Он, хмурясь, вынул из кармана брюк казённый носовой платок и стал им туго перетягивать мою руку выше кисти.
— А вот это хорошо! — подтвердил Ярунов. — Как это мы позабыли, в самом деле.
Ручонка моя налилась кровью и отяжелела, как свинчатка, перехваченная будто тисками на самом пульсе.
— Вот теперь уж хватишь, так долго будет помнить! — сказал Анатолий, потрясывая мою побагровевшую руку на своей огромной ладони. — Ну, с Богом! Молодцом! Отделай его по-шараповски!
Второв заржал как можно громче и грознее и навскачь вынес меня из-за дров. В моём бесконечном смущении мне показалось, что вокруг меня развернулась необъятная площадь, покрытая несчётною толпою. Каждая медная пуговица гимназической куртки смотрела на меня как любопытный и насмешливый глаз. А этих пуговиц столько кругом, и на земле, и на дровах, и на скатах широкой крыши швален! Публика заняла места, как в настоящем цирке, вокруг настоящего ристалища… Все разговоры умолкли, но все глаза, казалось мне, впивались в меня.
Луценко уже стоял на противоположном конце арены, шагах в тридцати, высоко торча своею нагло оскалившеюся белобрысою харею на широких плечах чёрного, как смоль, Мурзакевича. Кто-то протяжно командовал: «Ра-аз, два-а-а… — и потом вдруг, словно испугавшись чего-то, вскрикнул разом: — Три!»
Я качался, как гибкая тростинка, под напором ветра от неистового галопа, которым Второв бросился навстречу противника. Он без всякой очевидной надобности, единственно ради художественной полноты своего превращения в коня, гигикал и ржал, и сердито мотал головою, и топал как копытами своими коваными сапогами, наслаждаясь самим этим тщательным подобием лошадиных обычаев гораздо более, чем созерцавшая его публика. Что касается до меня, то я просто не знал, как усидеть на шее своего ретивого коня при всех этих изумительных прыжках, и бессознательно схватился, будто за настоящую лошадиную гриву, за его русые патлы, что, впрочем, не встретило ни малейшего протеста со стороны моего удалого скакуна и не уменьшило ни на йоту его рьяности.

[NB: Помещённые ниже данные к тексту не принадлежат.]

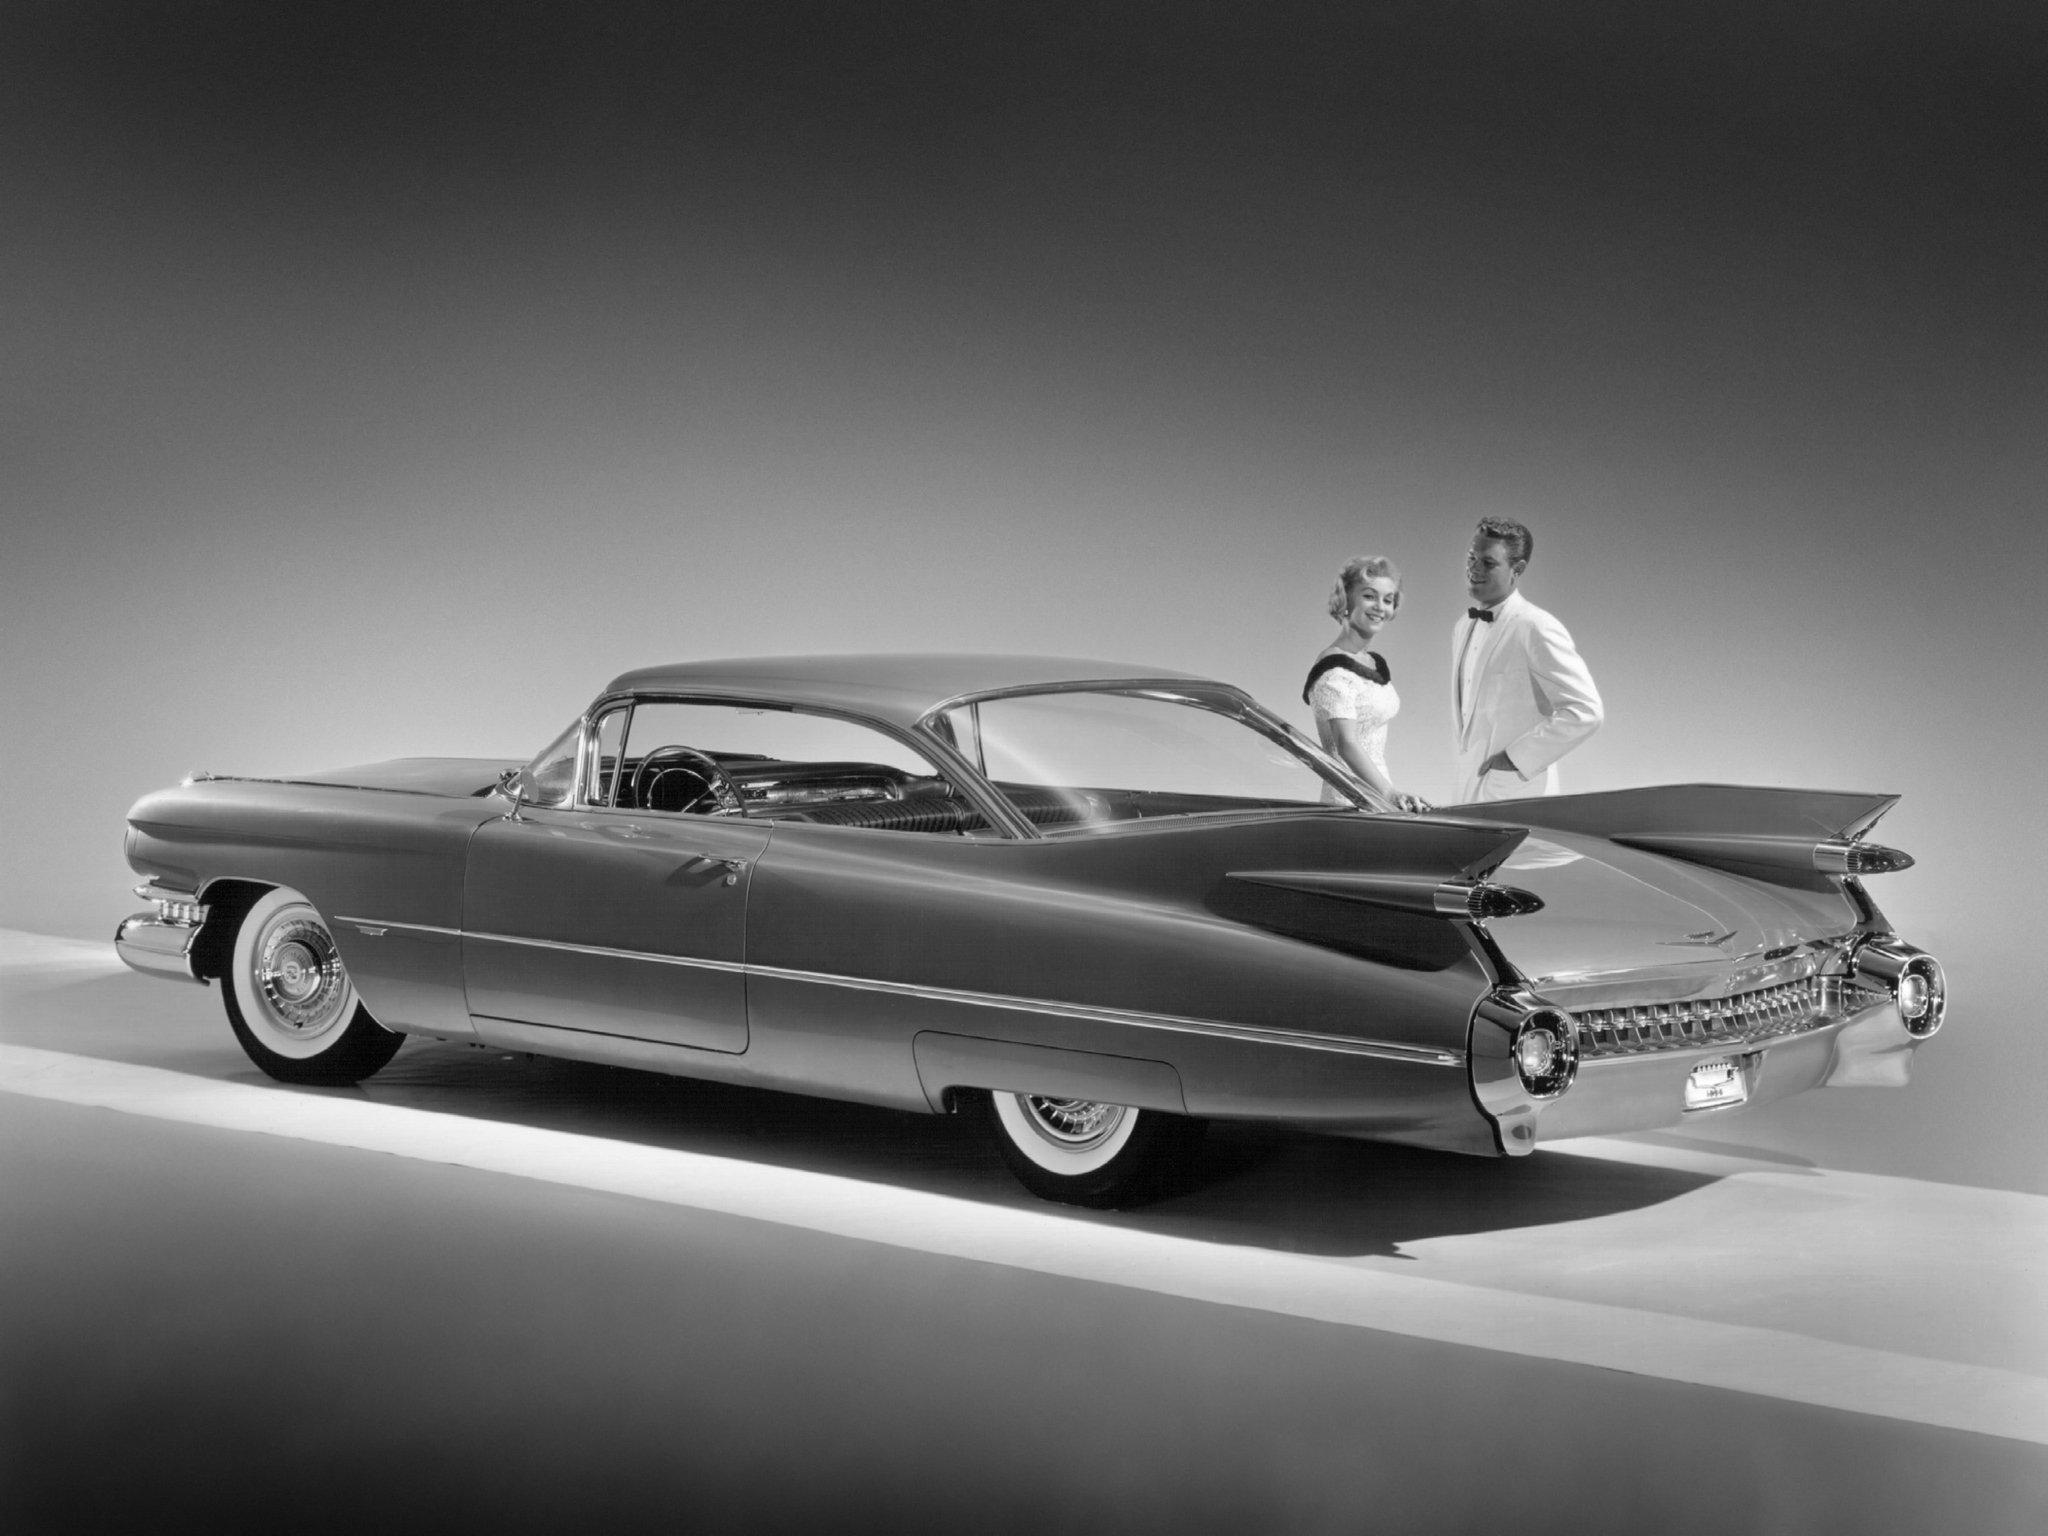 1959, Cadillac, Sixty two, Hardtop, Coupe, Luxury, Retro Wallpaper
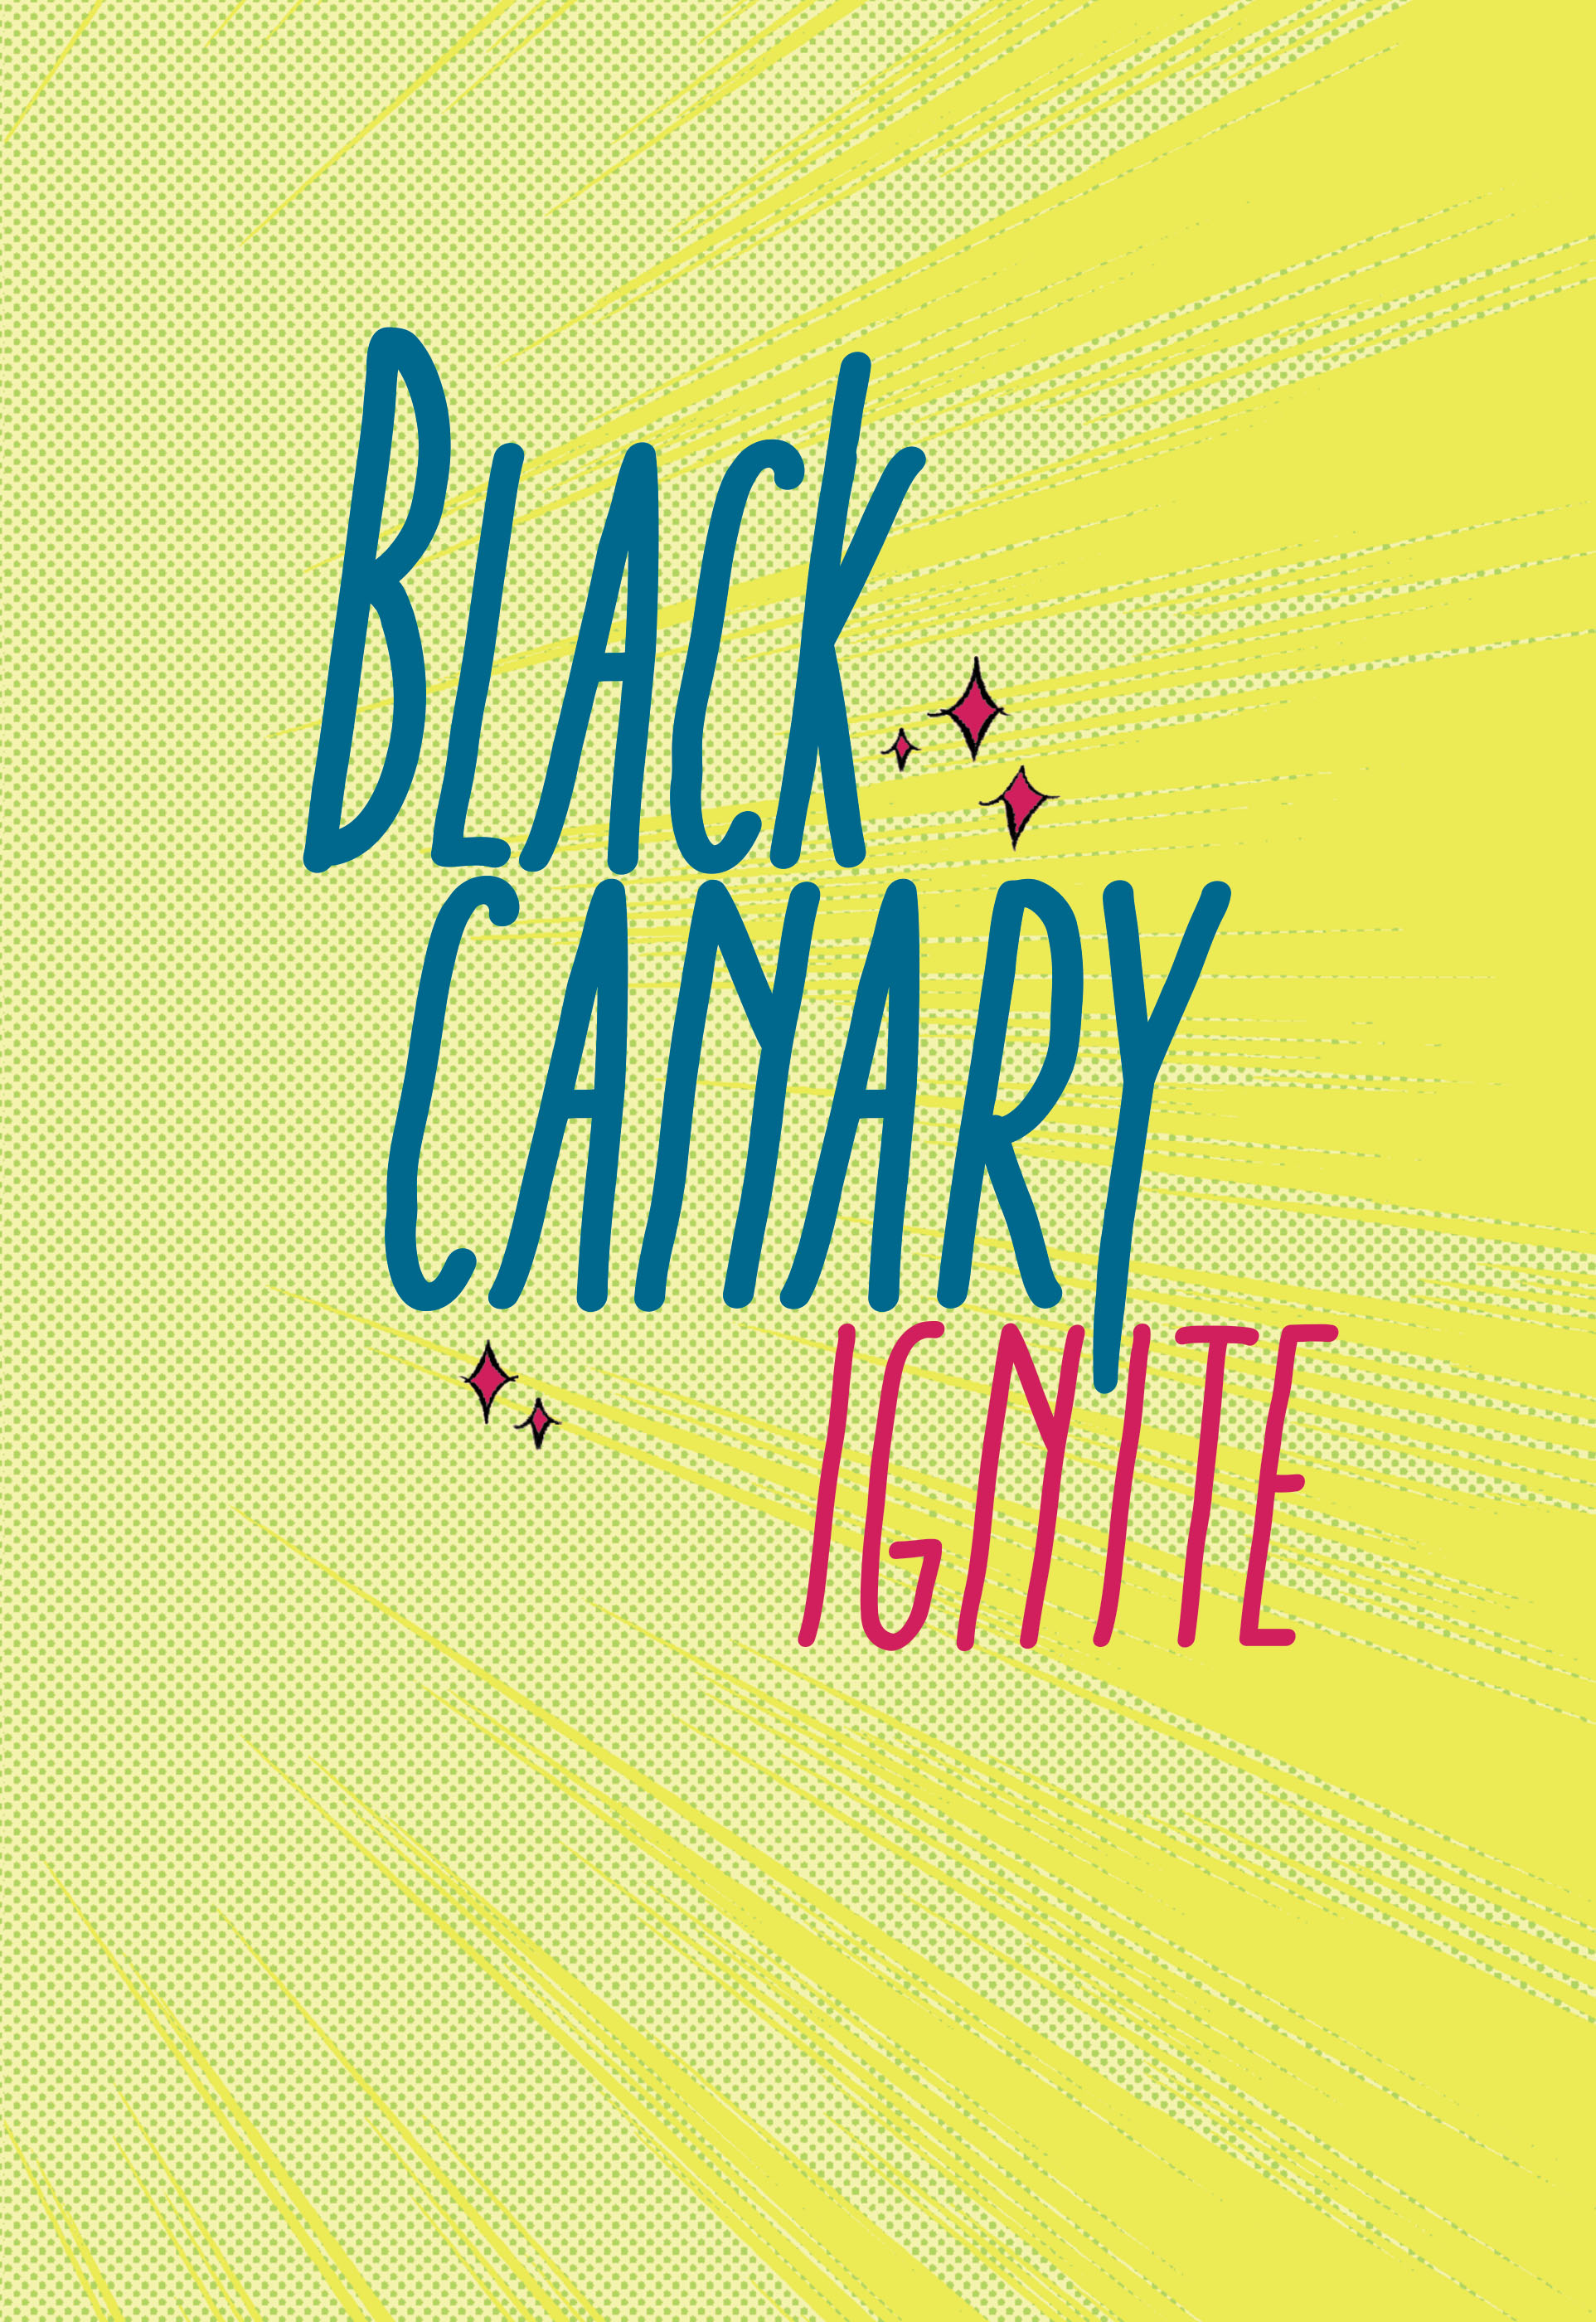 Read online Black Canary: Ignite comic -  Issue # TPB - 2

Мурзакевич нёсся на нас тоже вскачь и тоже с гиком, ржанием и дикими прыжками. Я сидел ни жив, ни мёртв, скорчившись своею маленькою оробевшею фигуркою на могучих раменах Второва, словно мороженый воробей на крыше, не обдумывая никакого плана нападения, и только мучительно ожидая, как и куда поразит меня победоносная рука ненавистного второклассника. И вдруг, прежде чем я успел осознать, что уже встретился лицом к лицу с врагом своим, кулак Луценки, как ловко пущенный кистень, со всего размаху впился в мой левый глаз… Всё потемнело передо мною, и кровавые пятна запрыгали в темноте… Оглушительный крик одобренья раздался кругом. Это второклассники приветствовали удалый натиск своего бойца.